Personal information
- Full name: Gordon Ross Hamilton
- Born: 13 July 1920 East Prahran, Victoria
- Died: 23 February 1941 (aged 20) Chelsea, Victoria
- Original team: Myer's
- Height: 173 cm (5 ft 8 in)
- Weight: 71 kg (157 lb)

Playing career^{1}
- Years: Club / Games (Goals)
- 1940: South Melbourne / 2 (0)
- ^{1} Playing statistics correct to the end of 1940.

= Gordon Hamilton (footballer) =

Australian rules footballer

Gordon Ross Hamilton (13 July 1920 – 23 February 1941) was an Australian rules footballer who played with South Melbourne in the Victorian Football League (VFL).
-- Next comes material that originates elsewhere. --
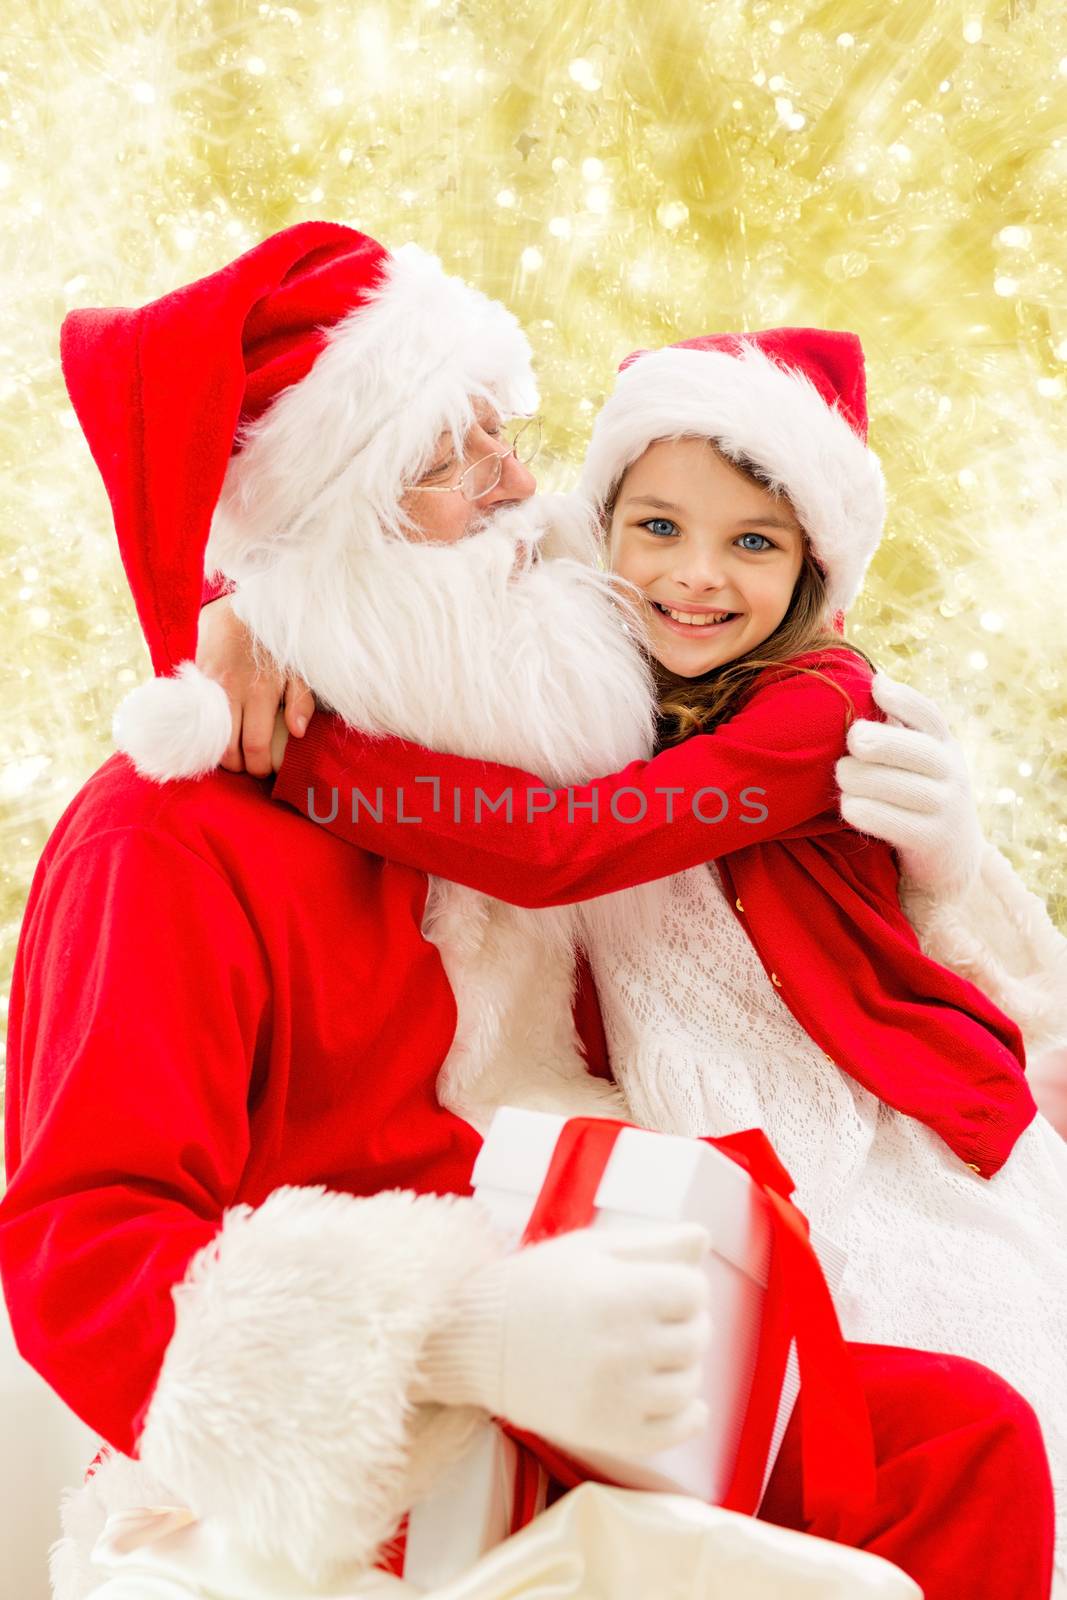 holidays, christmas, childhood and people concept - smiling little girl hugging with santa claus over yellow lights background
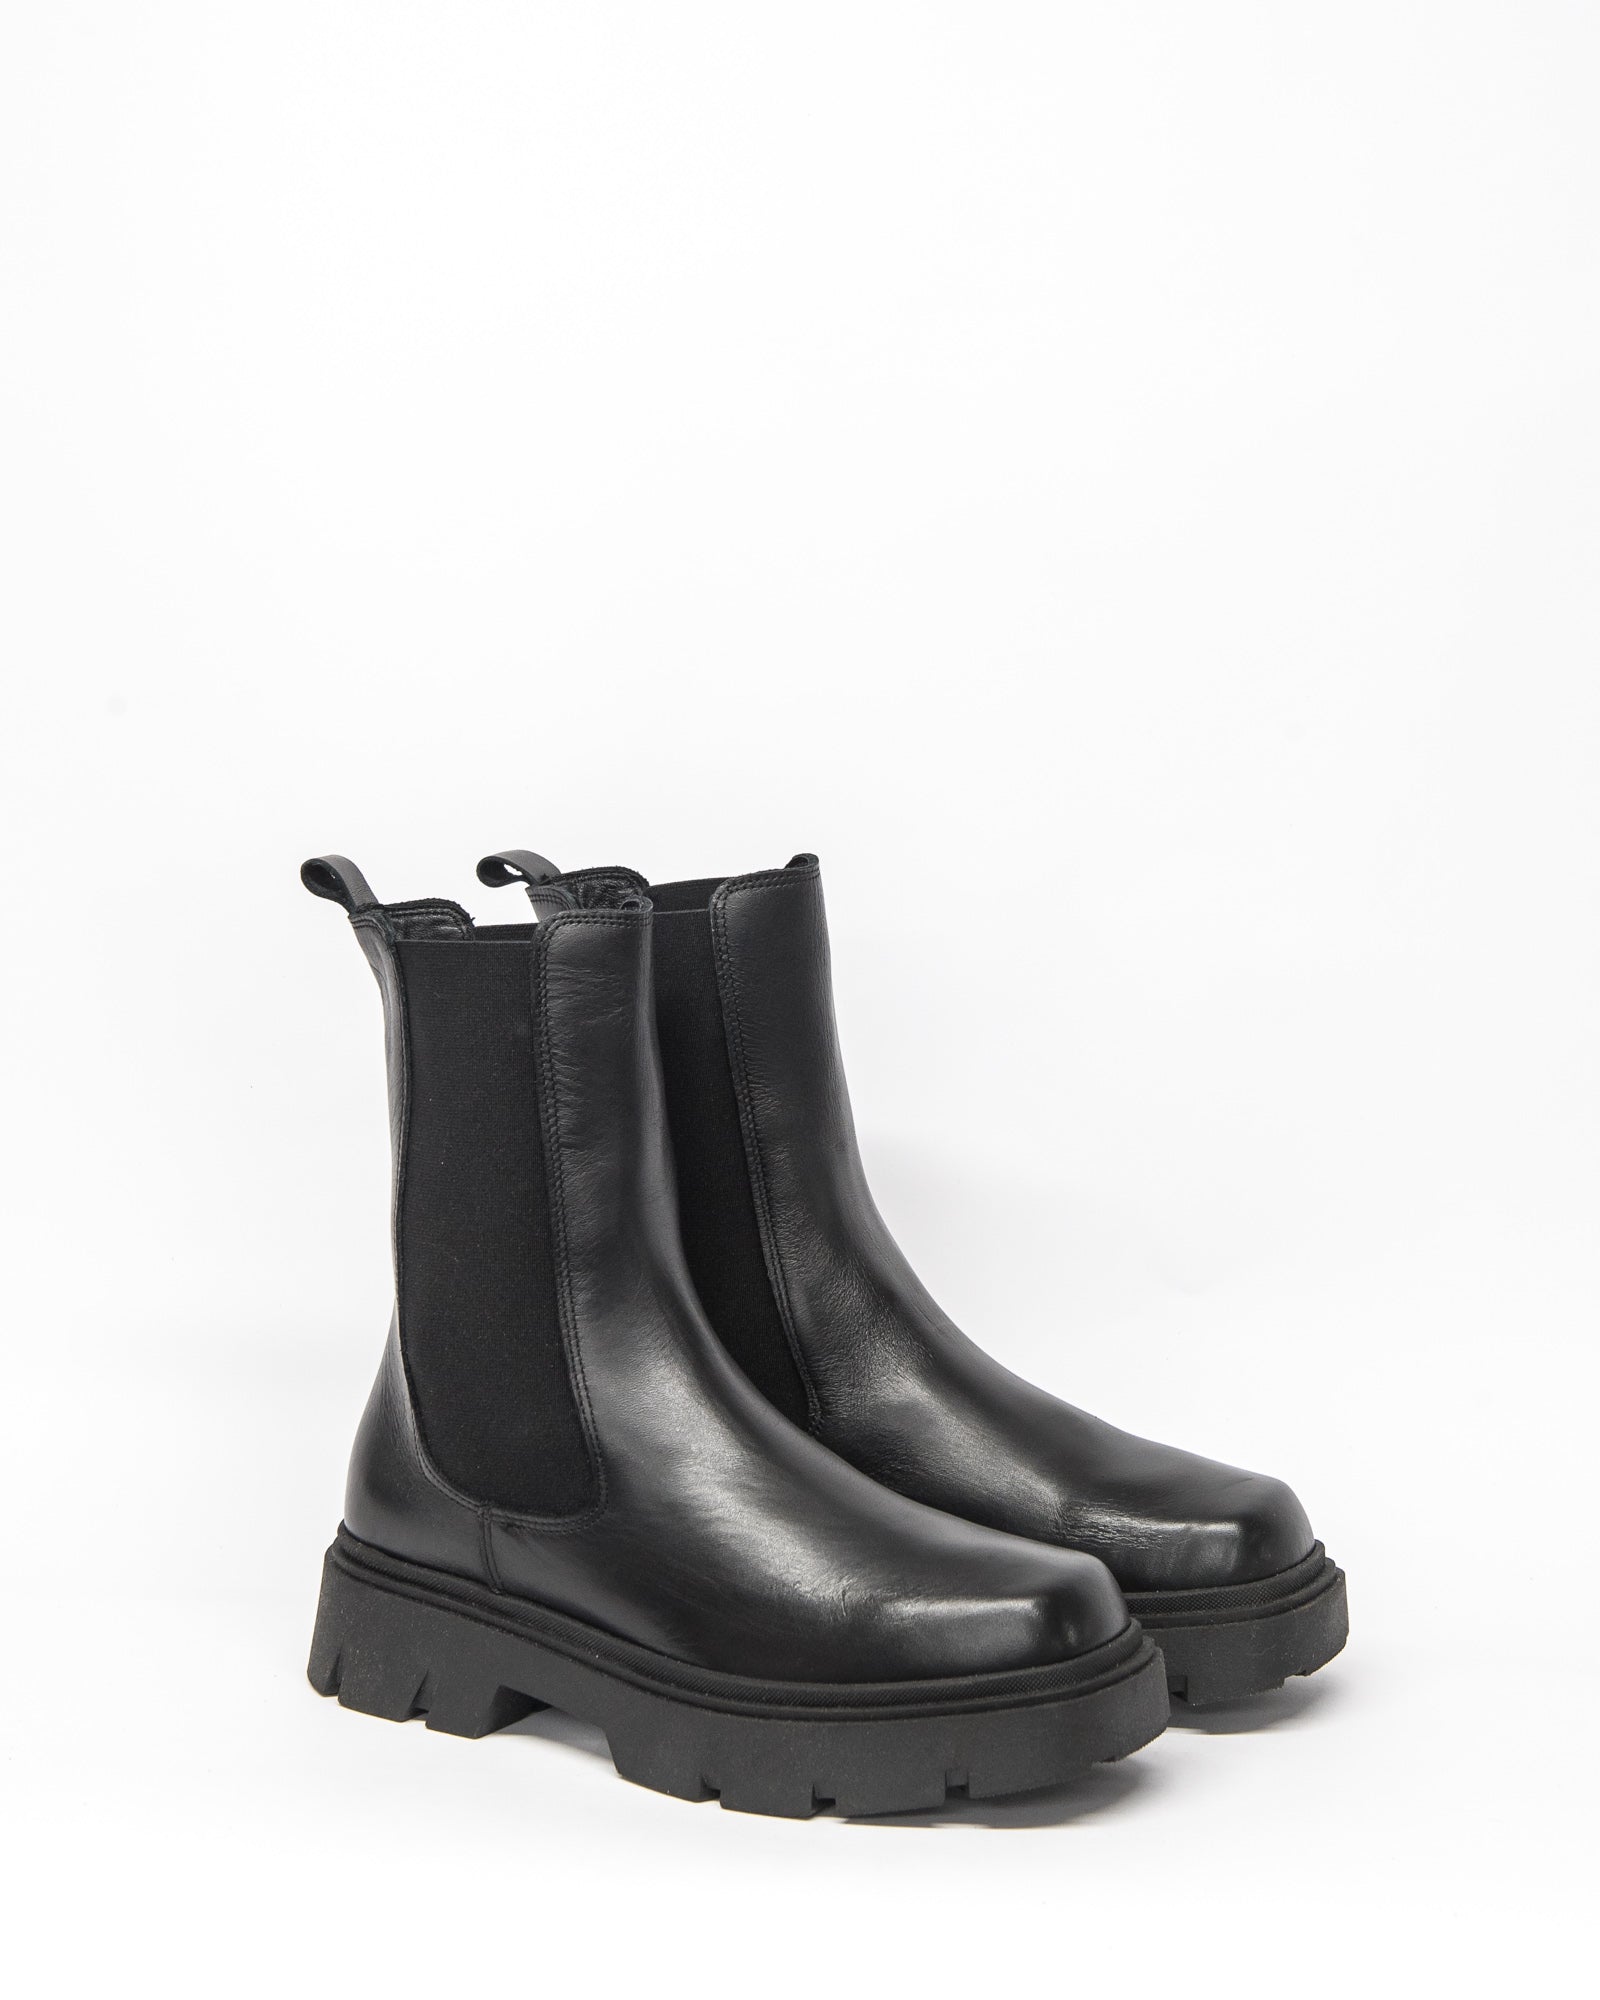 empire boot - black leather

He was the first South Melbourne player to die on active service in World War II.

==Career==

===Football===
Hamilton was born in East Prahran on 13 July 1920, to Gordon and Lily Hamilton. He arrived at South Melbourne from Myer's in 1940 as a centre player. His first opportunity to play league football came in round 15, when Hamilton played for South Melbourne in a six-point loss to Hawthorn at Glenferrie Oval. A week later, Hamilton played his second senior game with South Melbourne, this time in a four-point win over Geelong. Hamilton, described as a "promising young player", was 19th man in both games.

===Military===
On 30 December 1940 Hamilton enlisted in the Royal Australian Navy, and he was sent to HMAS Cerberus, near Crib Point on the Mornington Peninsula.

Soon after, on 23 February 1941, Hamilton drowned off a Chelsea beach, in an attempt to save the life of a young girl who had got into difficulties in the choppy seas. His companions were able to bring the girl to shore and revive her, but Hamilton didn't make it back. His body was found 300 yards away on a sandbank.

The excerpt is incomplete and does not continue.